Dimço Kaptan pek iyi anlayamadığı bu sözlere kulak vermeyerek soyulmuş bir kaplumbağaya benzeyen yuvarlak elinin kalın, kambur parmaklarıyla beyaz sakalını karıştırıyor; ötekiler, fen, hakikat ilahının zekâ ile muaşakasından doğmuş yeni bir mesihi dinleyen genç, dinç havariyyun gibi ciddi, sakin duruyorlardı. Radko Balkaneski, evet, bu yeni mesih; büyük, parlak gözlerini kırpmadan yeni bir hakikat İncil’ini ezberden okuyordu. “Kuvvet” dinini havarilerine anlatıyordu: Hak yoktu. Her şey kuvvetti. Ezemeyen ezilecek, öldüremeyen ölecekti. Tabiatın değişmeyen, asla gizli kapaklı olmayan ali kanunu zayıfın düşmanıydı. Bütün kâinat bir mücadeleden ibaret değil miydi? Ölümden hayat çıkıyordu. Yutulan zaaflardan kuvvet doğuyordu. Avrupalıların yalanlarına, boş nazariyelere, sosyalistlik hülyalarına aldanmamalıydı. “İnsaniyet” fikri dünyanın en büyük, en münasebetsiz, en eski, en rezil saçmalığıydı. Hristiyanlıktan evvel, bir veba gibi bazı dimağlara girmiş, birçok milletin, birçok cemiyetin mahvına sebep olmuştu. Bugünkü Avrupalılar laf söylerken başka, iş yaparken başka idiler. En büyük Avrupalı, en büyük Alman, Prens Bismarck harp zamanında ne yapardı? Fransız köylülerini doldurduğu evleri ateşe verdirerek hepsini canlı canlı yakar, onların çığlıklarını en latif konser gibi dinler, sonra etrafa savrulan alevli dumanları koklayıp gülerek piposunu çeker, “Bu Fransız köylüleri kavrulmuş soğan kokuyor!” diye eğlenmez miydi? Beyaz bayrak çeken kalenin üzerine top atmadılar bahanesiyle generallere darılmadı mıydı? Teslim olan Fransız askerlerini açlıktan öldürtmez miydi? Onları sularda boğdurtmaz mıydı? “Fransızı biraz kazıyınız, altında Türk bulacaksınız.” diye düşmanlarını tahkir eden Bismarck, bu, hakikaten bir dâhi olan büyük adam, sulh zamanlarında da harp zamanlarında da yalnız kuvvete inanıyordu. Dimağında merhamet, insaniyet gibi marazi, muzır hâller yoktu. Muntazam Fransız askerlerine hiç aman verilmemesini, sivil ahaliye de mümkün olduğu kadar fenalık yapılmasını emrederdi. Kendi büyük ruhunun büyük kuvvetini bütün milletinde aynıyla göremediği için canı sıkılır:
“Ah bu bizim Almanlar! Fransızları öldürüyorlar ama iştahla, istekle öldürmüyorlar!” derdi. Fransızların Almanlardan aşağı kalır yanları yoktu. Afrika’da esir aldıkları Arapların kafalarını tıraş ediyorlar, boğazlarına kadar kuma gömerek güneşte, öğle güneşinin şuaları altında bırakıyorlar, çabuk ölmesin diye ara sıra üzerlerine su döküyorlardı. İngilizlerin yaptığı katliamlar sayılamazdı. Bu ciddi, akıllı millet, bıçağının altına giren mağlubun hiçbir şeyine, ne asaletine, ne güzelliğine, ne ihtiyarlığına, ne çocukluğuna bakardı. Bu sayede değil miydi ki şimdi dünyaya, bütün dünyaya hükmediyorlar.
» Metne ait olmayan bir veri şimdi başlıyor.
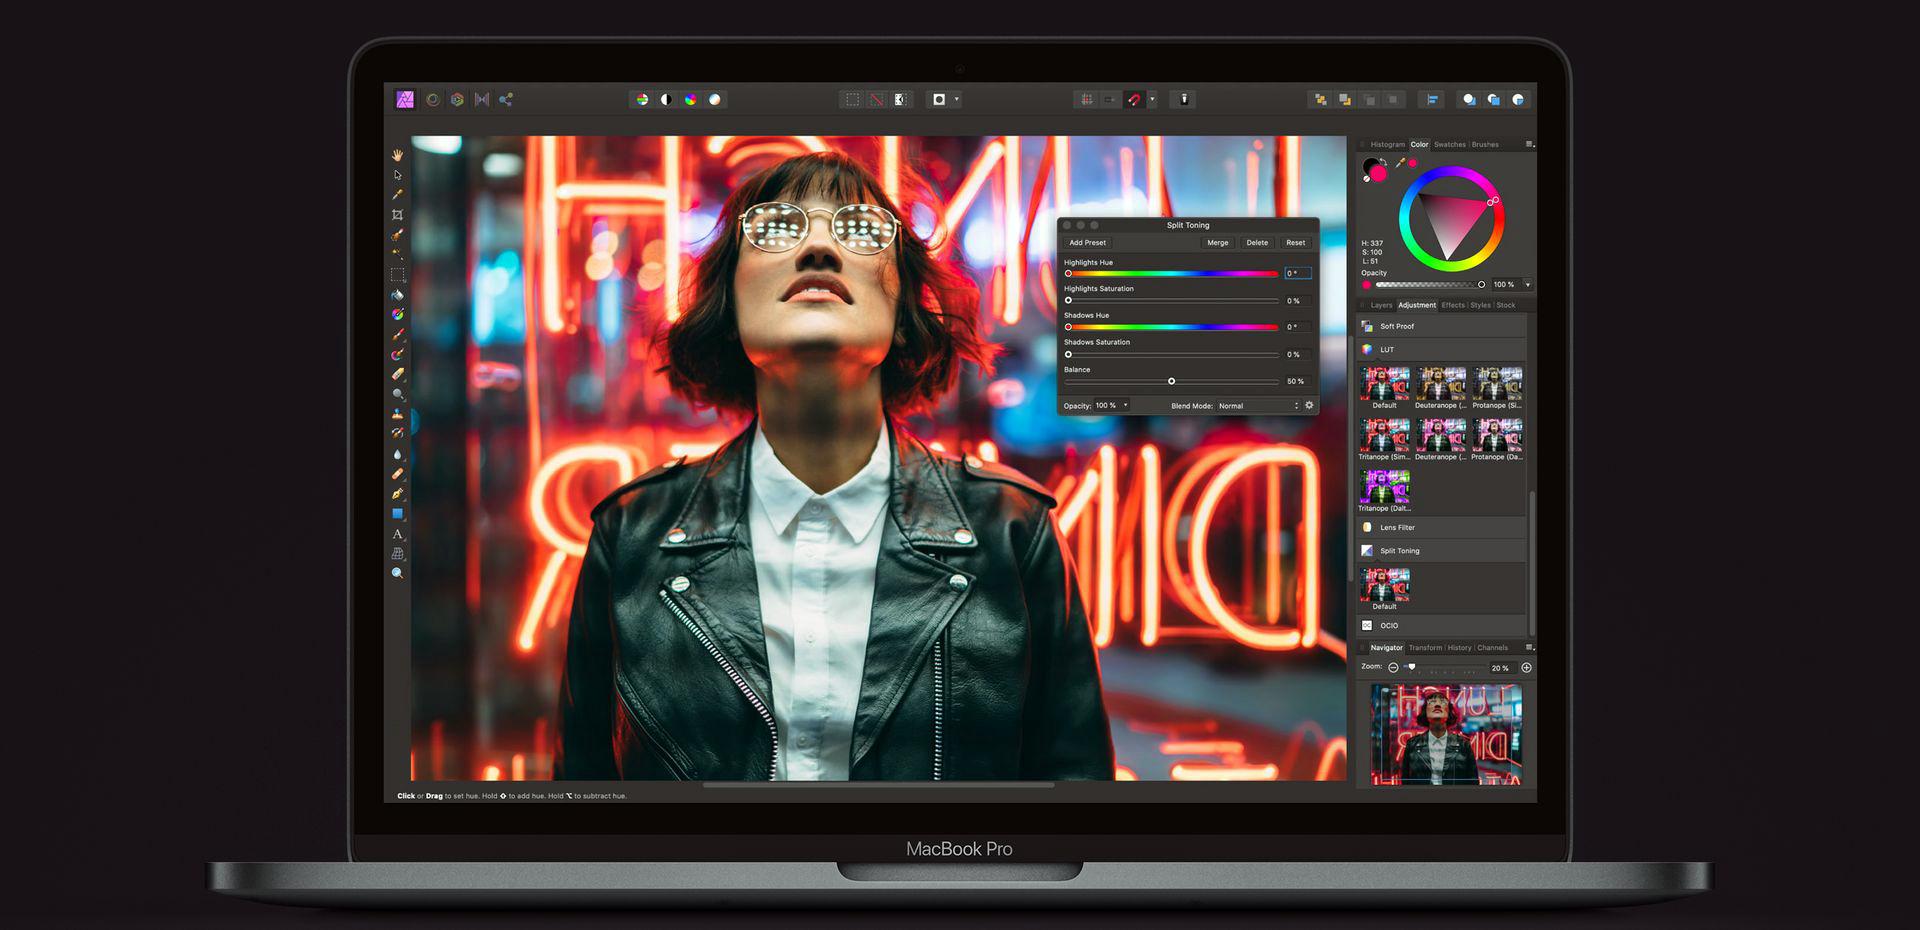 Вышел новый MacBook Pro 13', и об этом никто не знал!
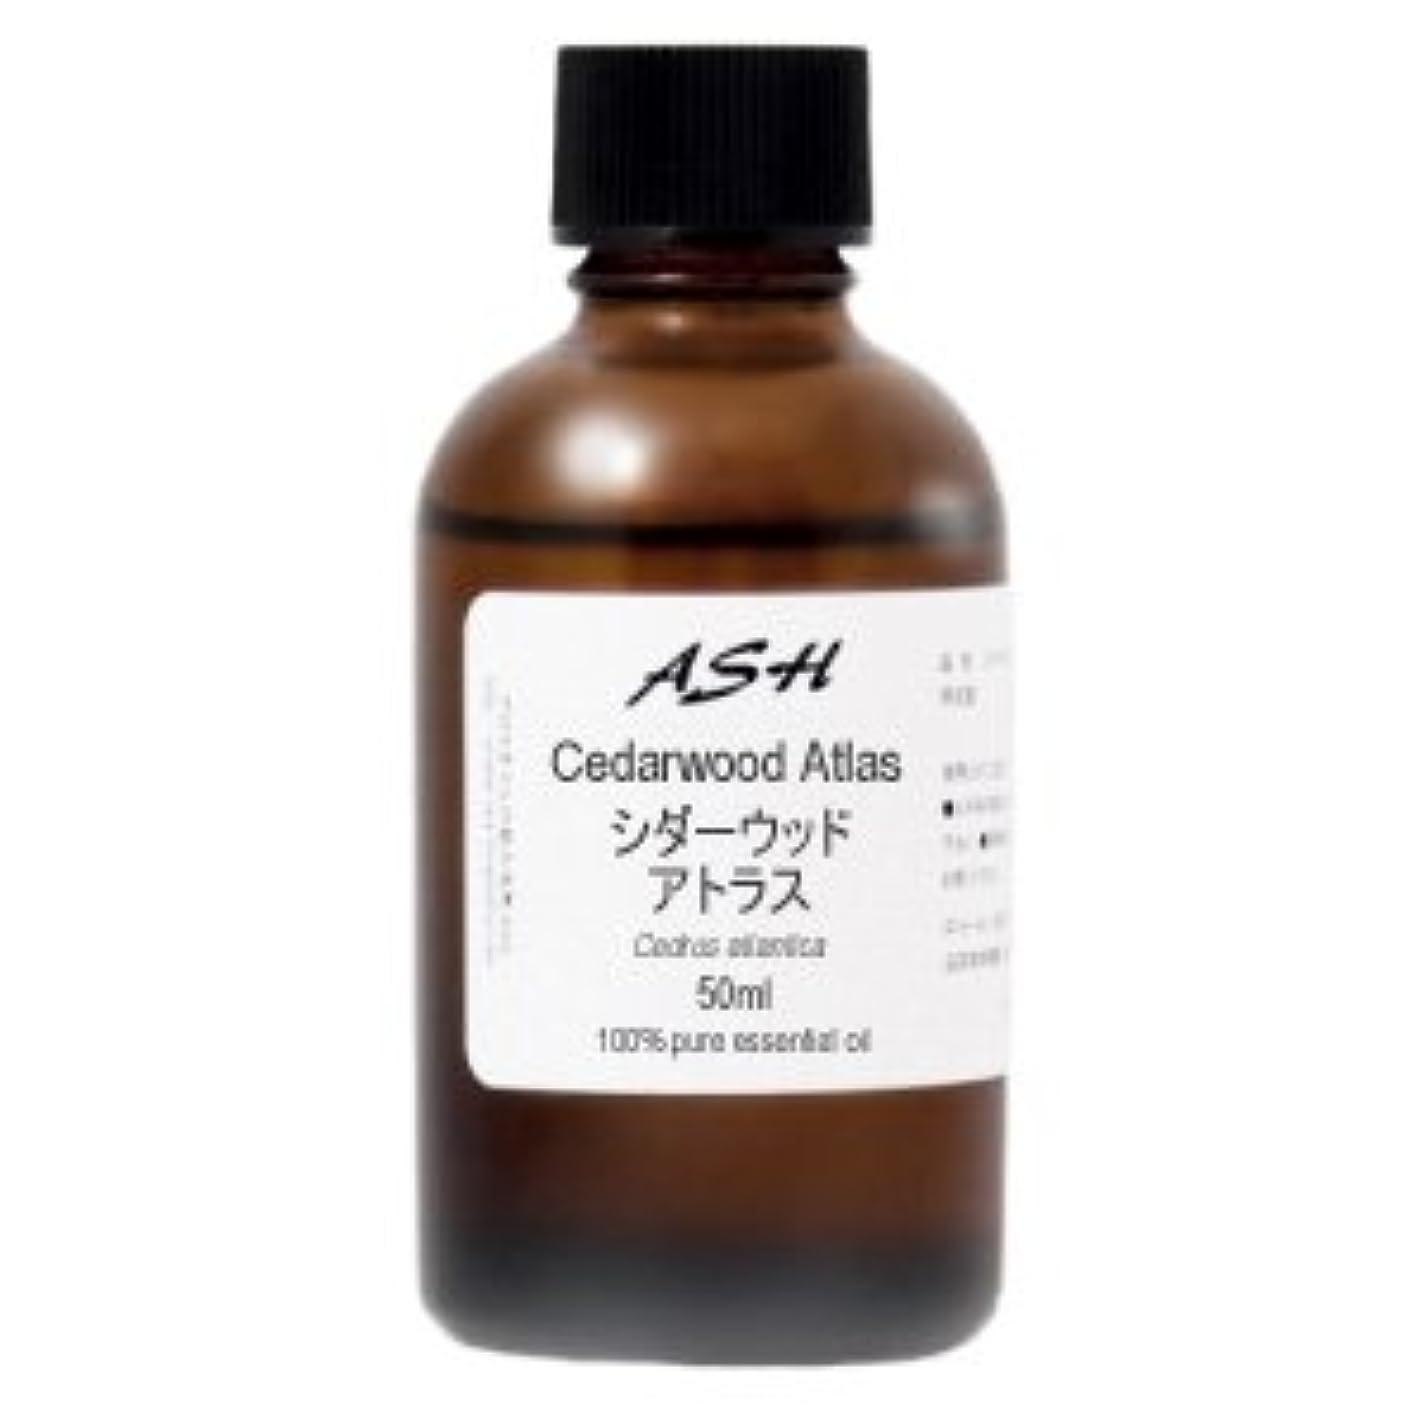 それに応じて割り当てます連結するASH シダーウッド エッセンシャルオイル 50ml AEAJ表示基準適合認定精油

Evet onlar… Onlar da Yela’nın eski ve hüzünlü payitahtı olan “Kandi” şehrindeki yüksek ve tarihî mabedin içinde, güzellikleri masallara geçen minimini Modeliya prensçiklerini bıldırcın keser gibi kesmemişler miydi? Sonra işte Çin seferi. Oraya hem Alman, hem Fransız, hem İngiliz, hem Rus fırkaları gitmişti. Ne yaptılar? O kadar ki resmen ordunun arkasından bir sürü Yahudi geliyor, bu Avrupalıların yağma ettiği şeyleri satın alıyordu. Medeni Avrupalılar evleri boşaltıyor, mabetleri yıkıyorlar, binlerce, binlerce yıl yerlerinde uzun ve vakasız asırların geçtiğini görmüş, rahat rahat uyuyan tunç putları kırıyorlar, arkadan gelen Yahudilere satıyorlardı. Bu sefer esnasında Avrupa ipekli kumaşla dolmuştu. Altın ve gümüşe dair yürüdükleri yerde hiçbir şey bırakmadılar. Pekin ve civarında kızoğlankız kalmadı. İstila muharebesi edilmediği hâlde kendilerini hiç müdafaa etmeyen zararsız ahali süngüleniyor; asker, süngülemekten yorulup şikâyet edince bu ömründe eline silah almamış, kör bir tavuk kadar korkak ahalinin nehirlere atılıp boğulması için emirler veriliyordu. Bu sefere iştirak eden bütün askerlere yağma edilen şeyler esmanından yüzer frank verildi. Sonra İtalyanlar… Uzağa gitmeye hacet yok. Bunlar daha geçen gün Trablus vahasını nasıl birkaç saat içinde temizleyivermişlerdi. Radko nutkunu uzattı. Söyledi, söyledi. İnkâr edilmez bir tarzda en akli ve maddi delillerle, tarihî ve ilmî misallerle insaniyet fikrinin boşluğunu, fenalığını, bir cemiyet için ne kadar korkunç ve müthiş bir tehlike olduğunu anlattı. Avrupalıları hiç sevmiyor, onlardan nefret ediyordu. ve “Ah bunlar…” diyordu, “Kendilerinden başka kimsenin kuvvetlenmesini çekemezler…” Onun için konsoloslardan çekinmek lazımdı. Konsoloshanelerin kıyafetleri değiştirilen, Türk esvabı giydirilmiş nöbetçileri saptanacak, daima bunlar göz altında bulundurulacaktı. Zira, mutlaka bir fitne yapmaya çalışacaklardı. Vakit geçiyordu. İşte Serez’e gireli iki saat olmuştu. Daha işe başlanmamıştı.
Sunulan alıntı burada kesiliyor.